When I was a student at boarding school, now over two decades ago, my teachers told me that there wasn’t a single day that they didn’t learn something new. These were masters we idolised, worshipped, poked fun of, at the same time, revered. To have them confess that they did not know it all, was a revelation.
Of course, this confession was long forgotten. Relegated to a deep recess of my memory, until recently, when I, the accidental teacher, stumbled upon the very same realization. And from that crevice of my mind’s labyrinth, these words from my own teachers, revealed themselves.
Teaching has been a cathartic rebirth for me. For someone who was firmly set in a media career, doing well, then became disenchanted and decided to shift tracks, unsure of what the alternative would be; I’d go so far as to say that teaching has fulfilled me, completed me, in a way that perhaps not even music could (my first love that never quite materialised). My fortuitous foray into the world of teaching has reacquainted me with myself. It has given me purpose, pride, and ignited a passion that probably always existed, only it was dormant.
That I have no formal education that qualifies me to teach, a fact sometimes held against me, I feel is my biggest advantage. It does not colour my approach to my work. In fact, I hardly perceive it as work in the first place. No training, no career-long teaching experience, are facts that have, in fact, granted me a great sense of freedom and liberty. My interaction with my students is spontaneous, freewheeling, spirited. In turn, their’s with me is uninhibited, uncensored, unfiltered. The way I plan, and un-plan my workshops and lessons benefits from a similarly open and experimental ethos.

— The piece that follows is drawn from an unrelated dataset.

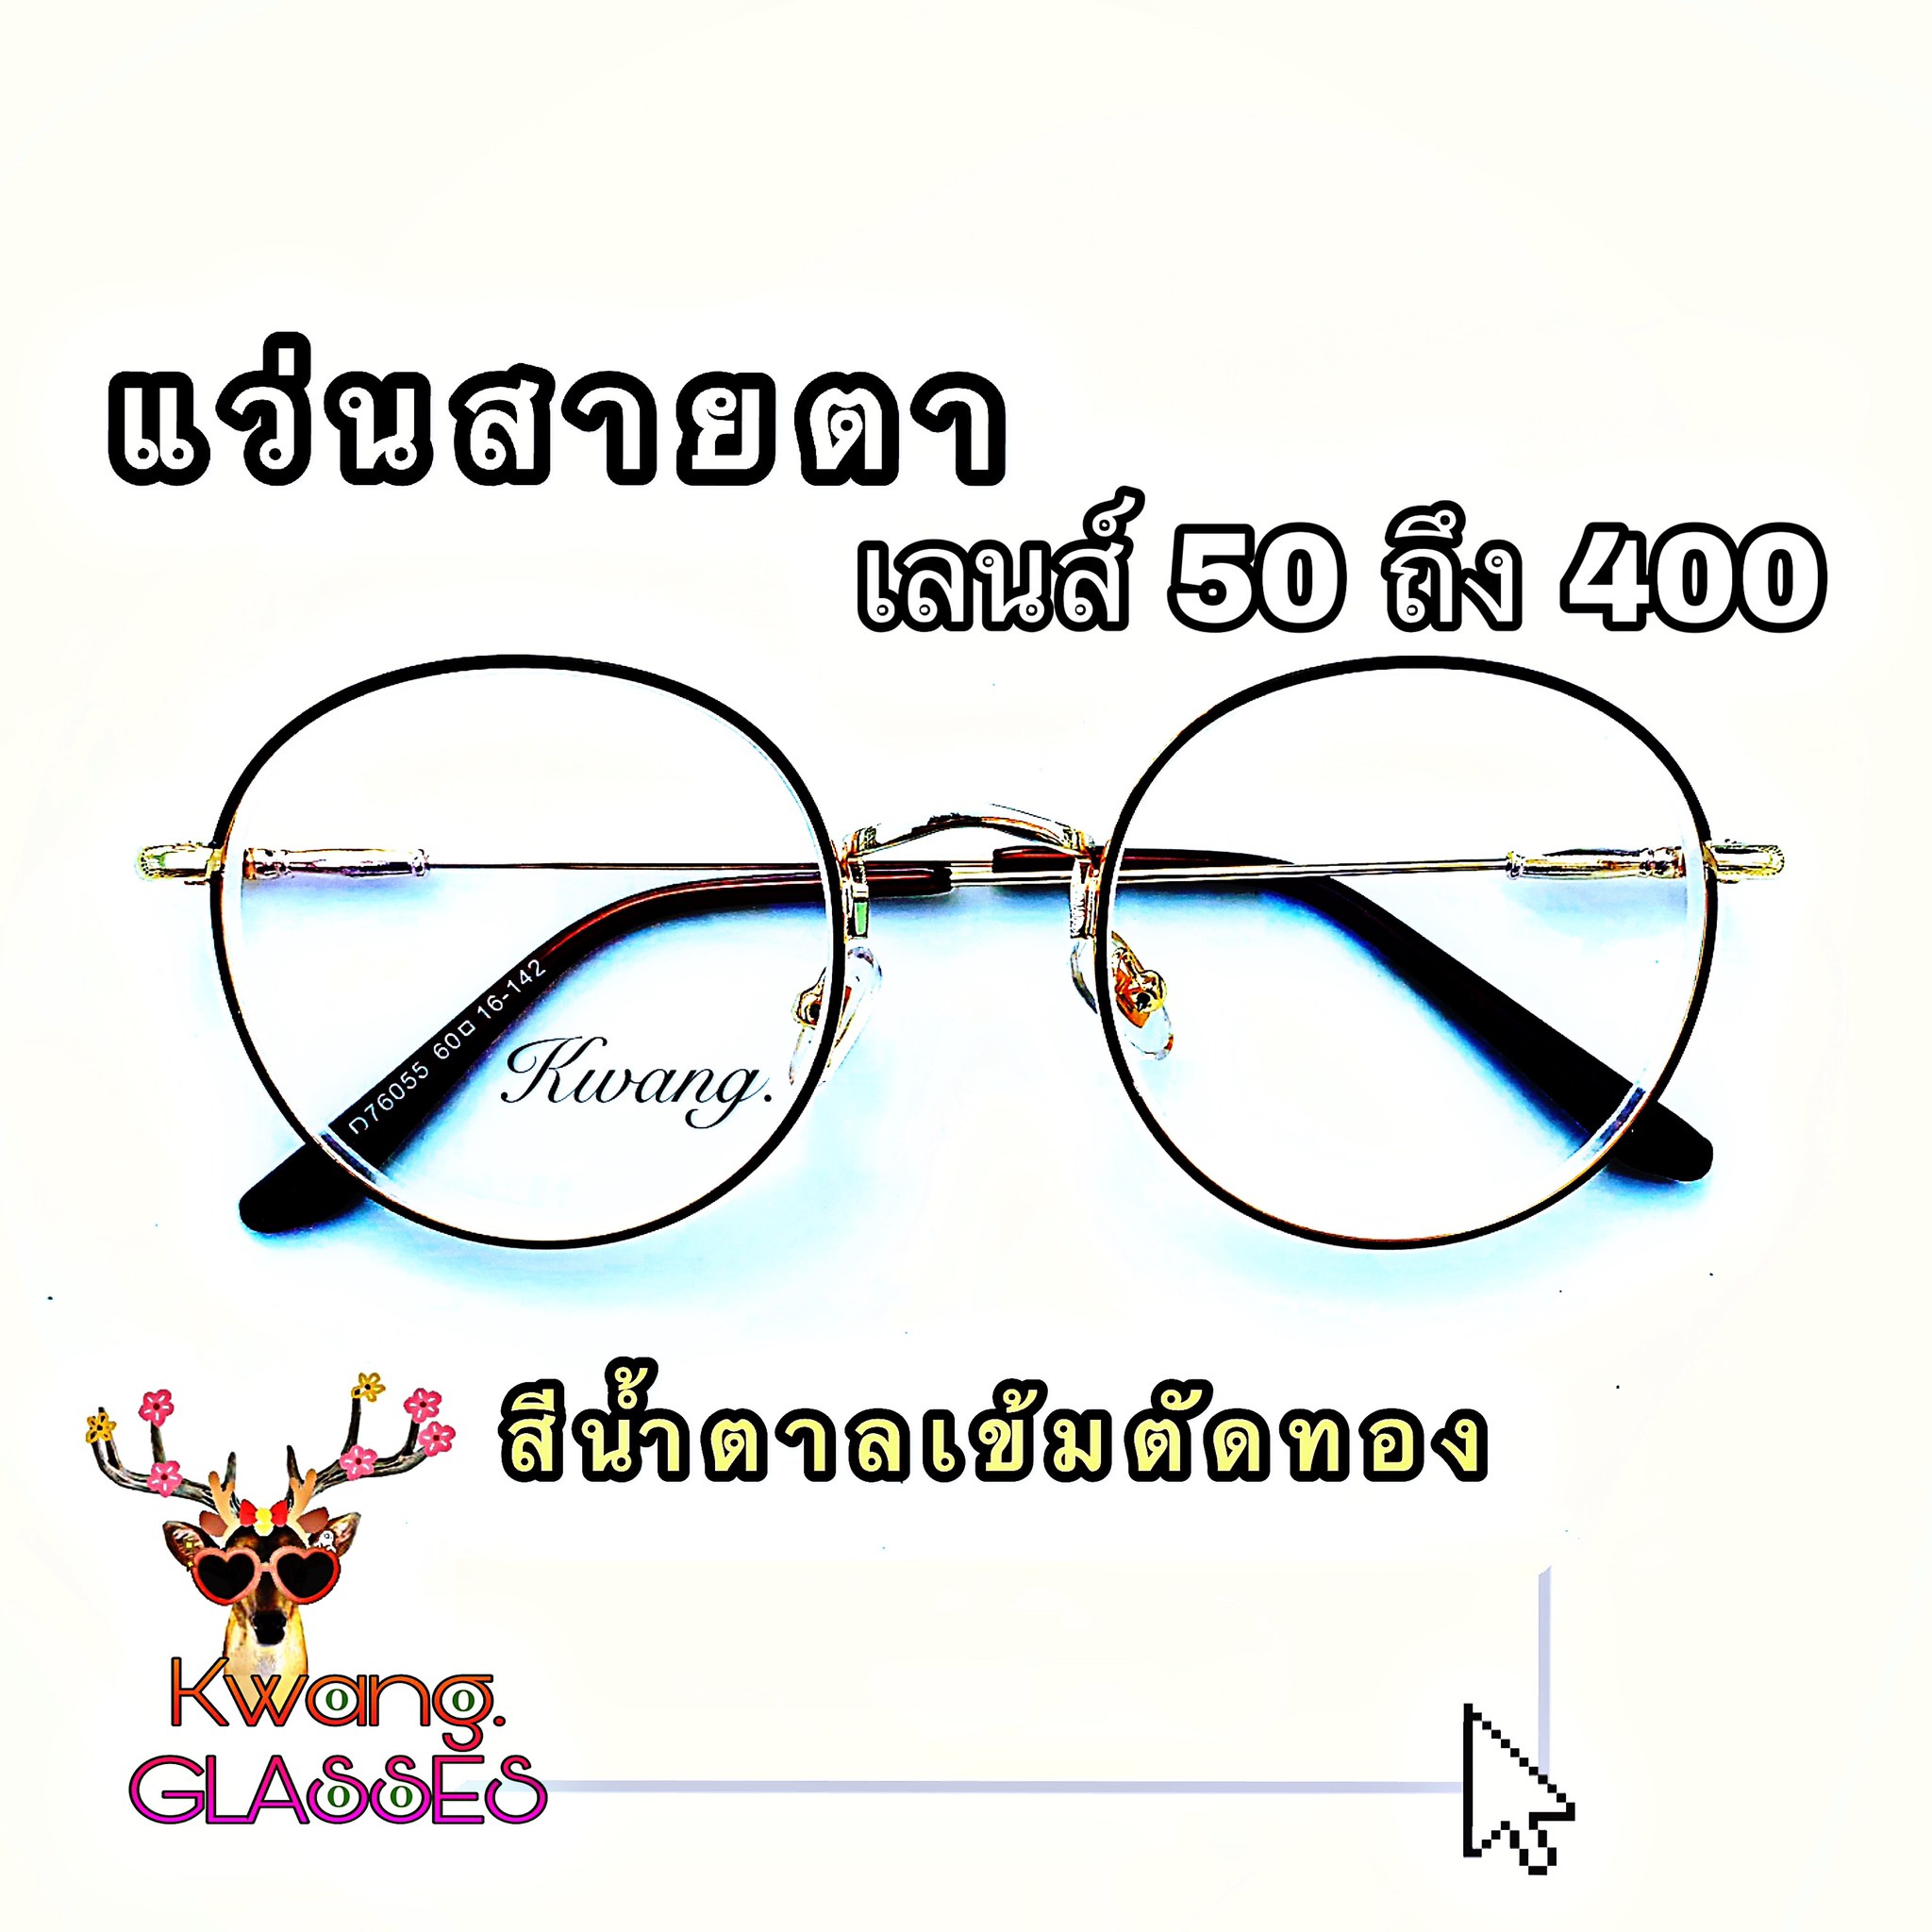 Kwang แว่นสีน้ำตาล แว่นสายตา แว่นทรงหยดน้ำ แว่นสายตายาวและสั้น มีตั้งแต่เลนส์ 50 ถึง 400 กดเลือกเลนส์ได้เลย งานหรูมาก(กรอบพร้อมเลนส์สายตา)

There is a destination but how my students and I reach it is random, interactive and, on occasion, emancipating!
I have come to realize that to be an effective teacher and an inspiring mentor, the person can not feel or act ‘above’. That there MUST be a genuine openness to learn with each encounter, each interaction. That students in fact, in many cases, teach the teacher more, than the teacher does, them. Teaching then, is a legacy of continued learning. A process that is infinite. A pursuit that endless. A calling.